━━━ Provided data ━━━
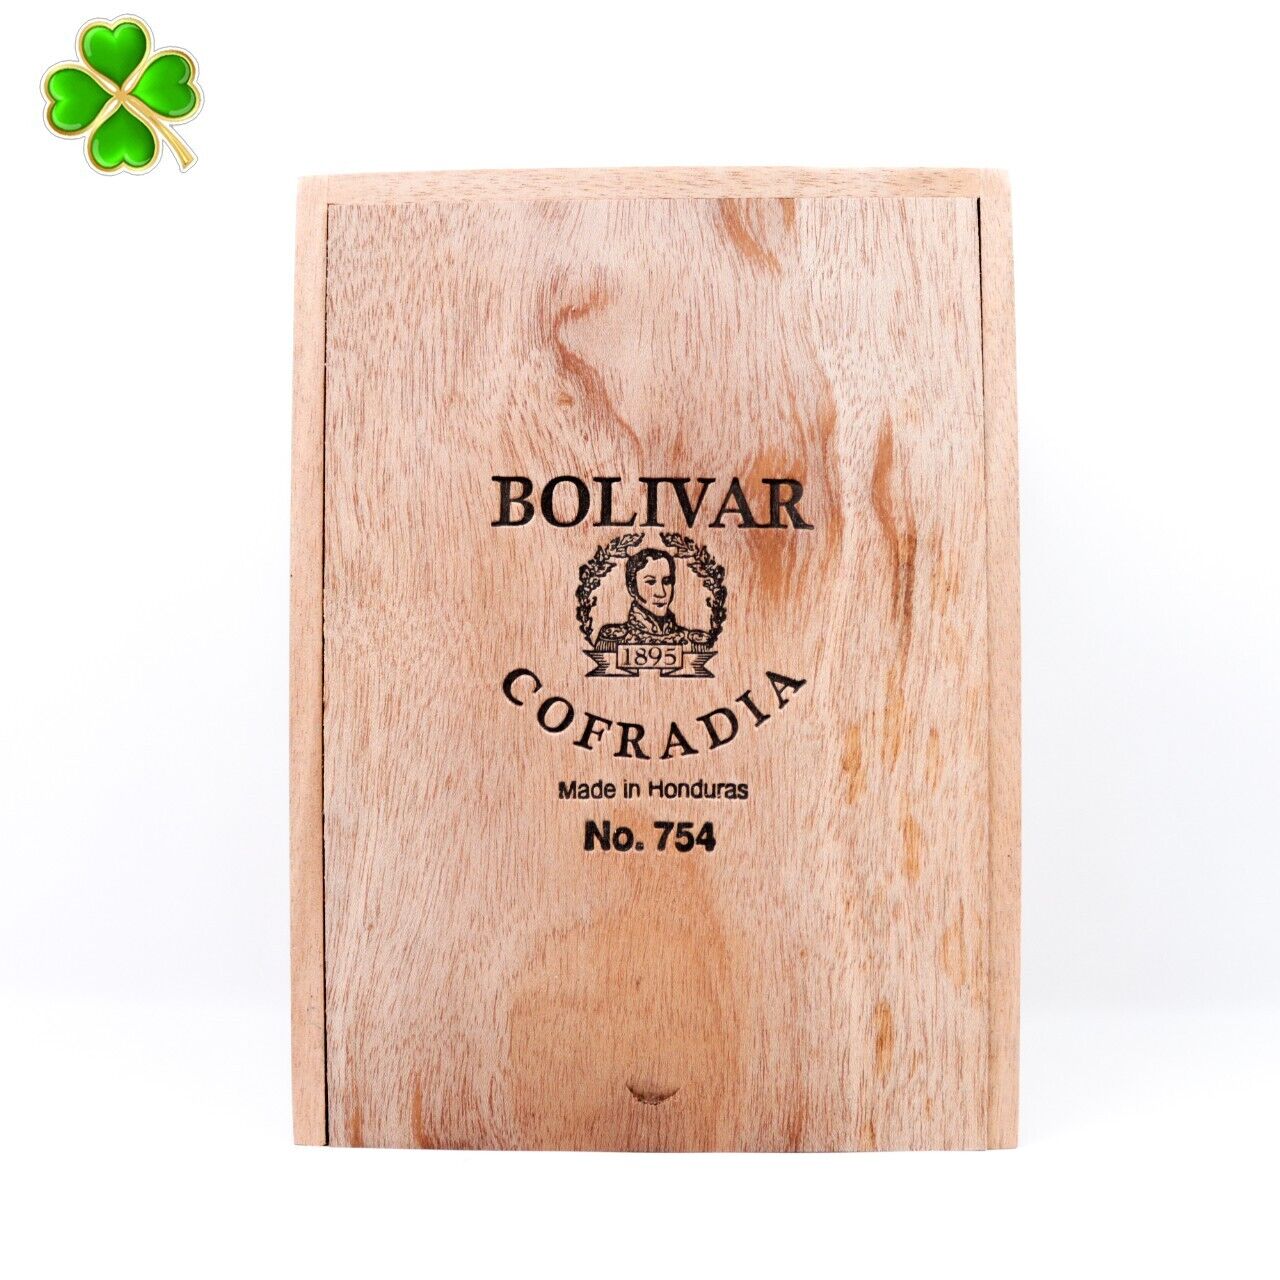 Bolivar Cofradia Gigante 754 Empty Wood Cigar Box 8\
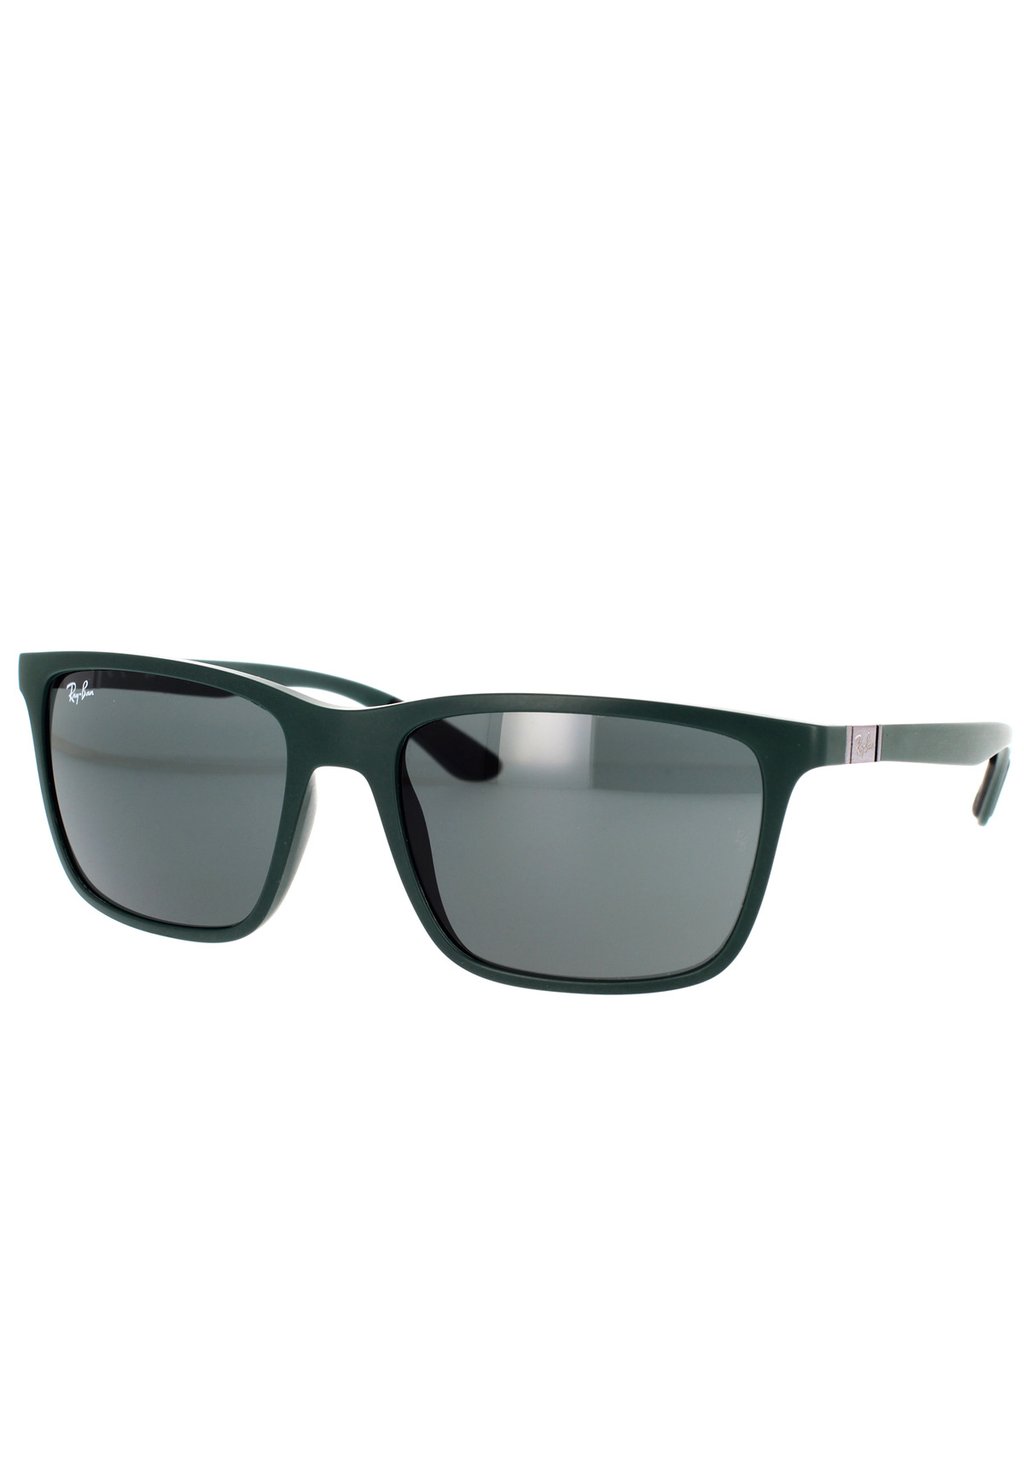 цена Солнцезащитные очки Ray-Ban, зеленые
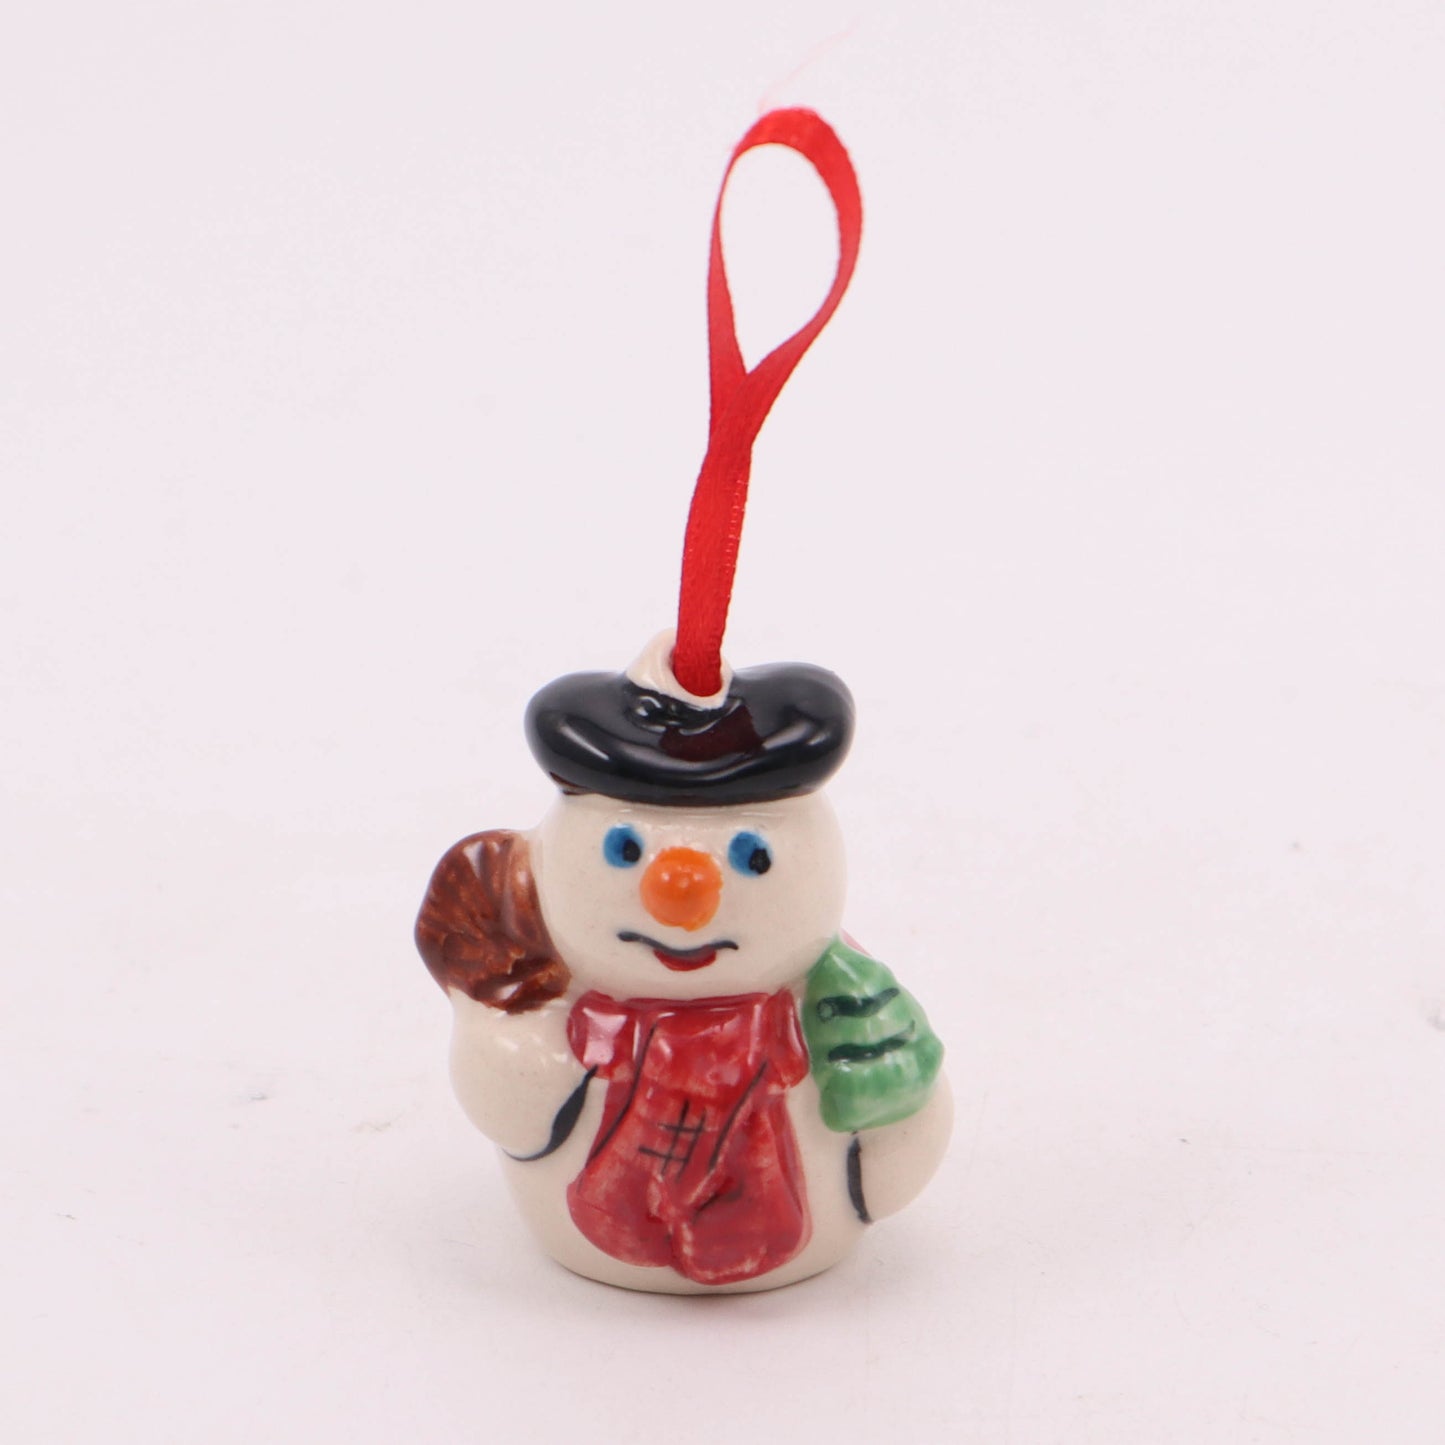 1.5"x2" Snowman Ornament. Pattern: Black Beret
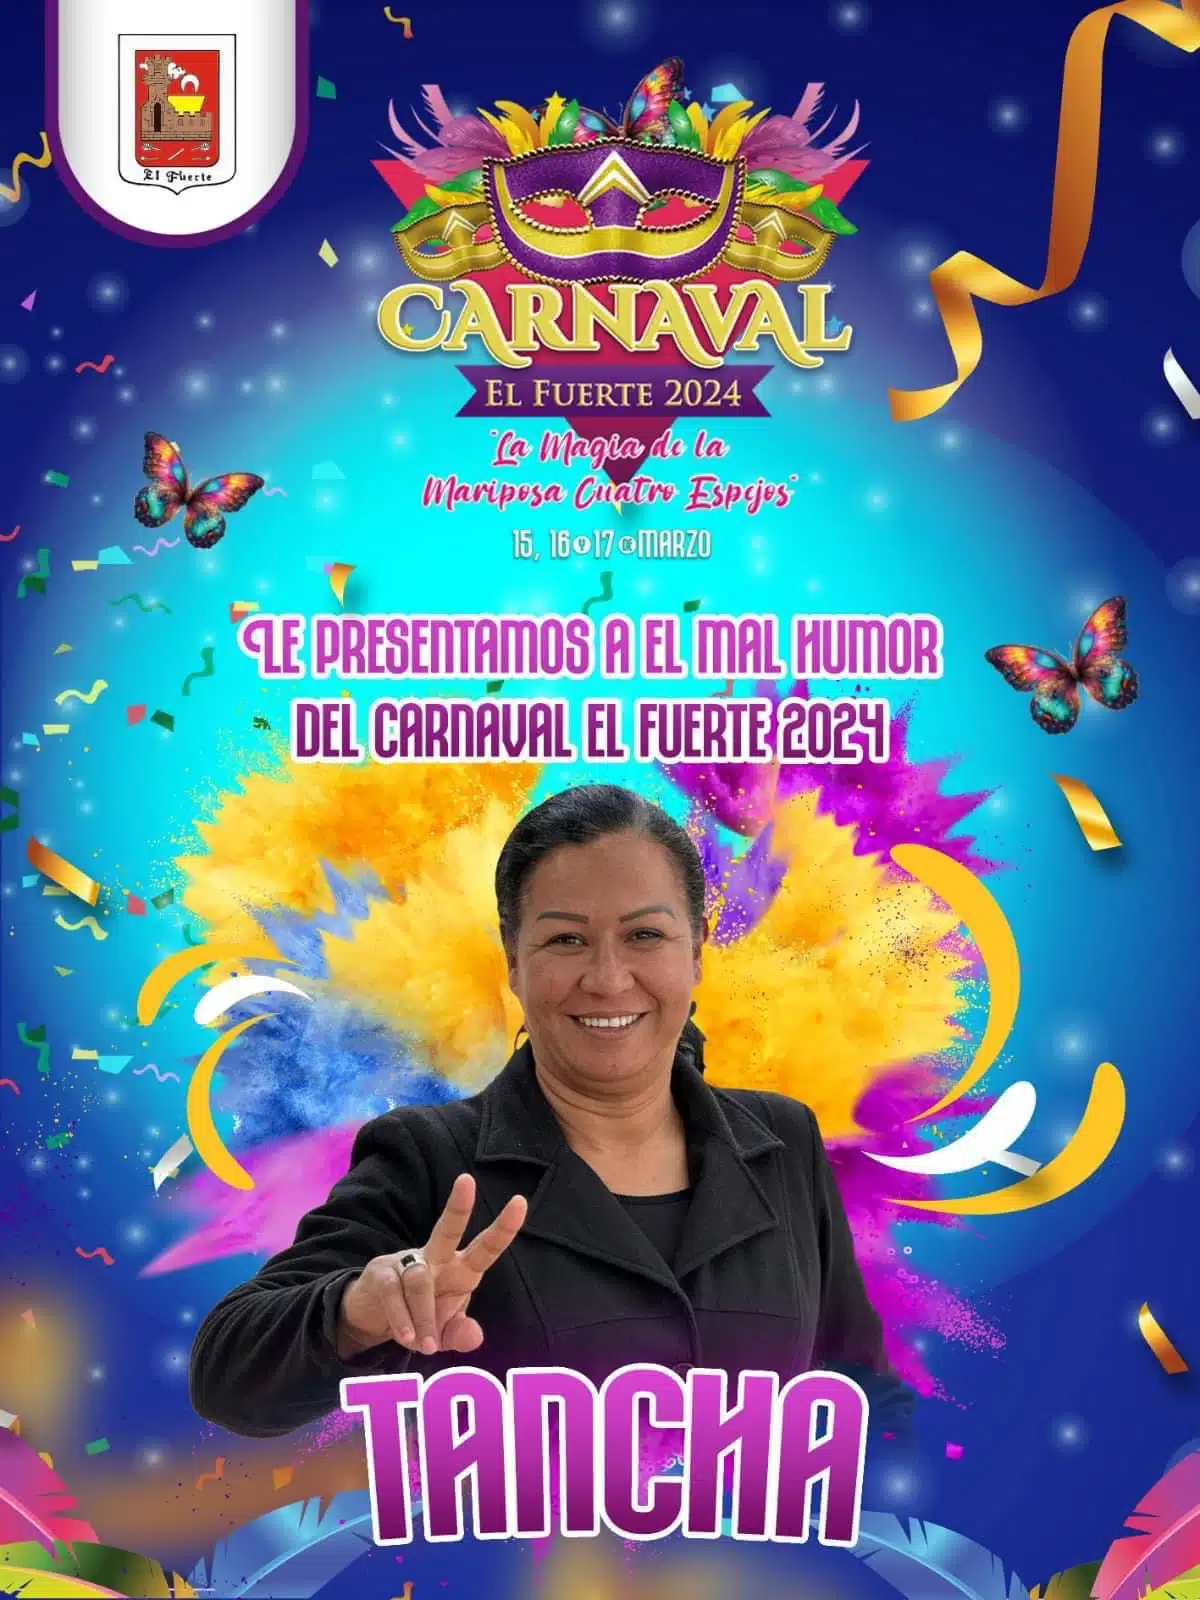 El mal humor del carnaval de El Fuerte 2024
━━━
(Work to be completed) The material above is to be repeated word for word, with no images kept.

(Result for this exercise)
 Bolivar Cofradia Gigante 754 Empty Wood Cigar Box 8\
 цена Солнцезащитные очки Ray-Ban, зеленые
 1.5"x2" Snowman Ornament. Pattern: Black Beret
 El mal humor del carnaval de El Fuerte 2024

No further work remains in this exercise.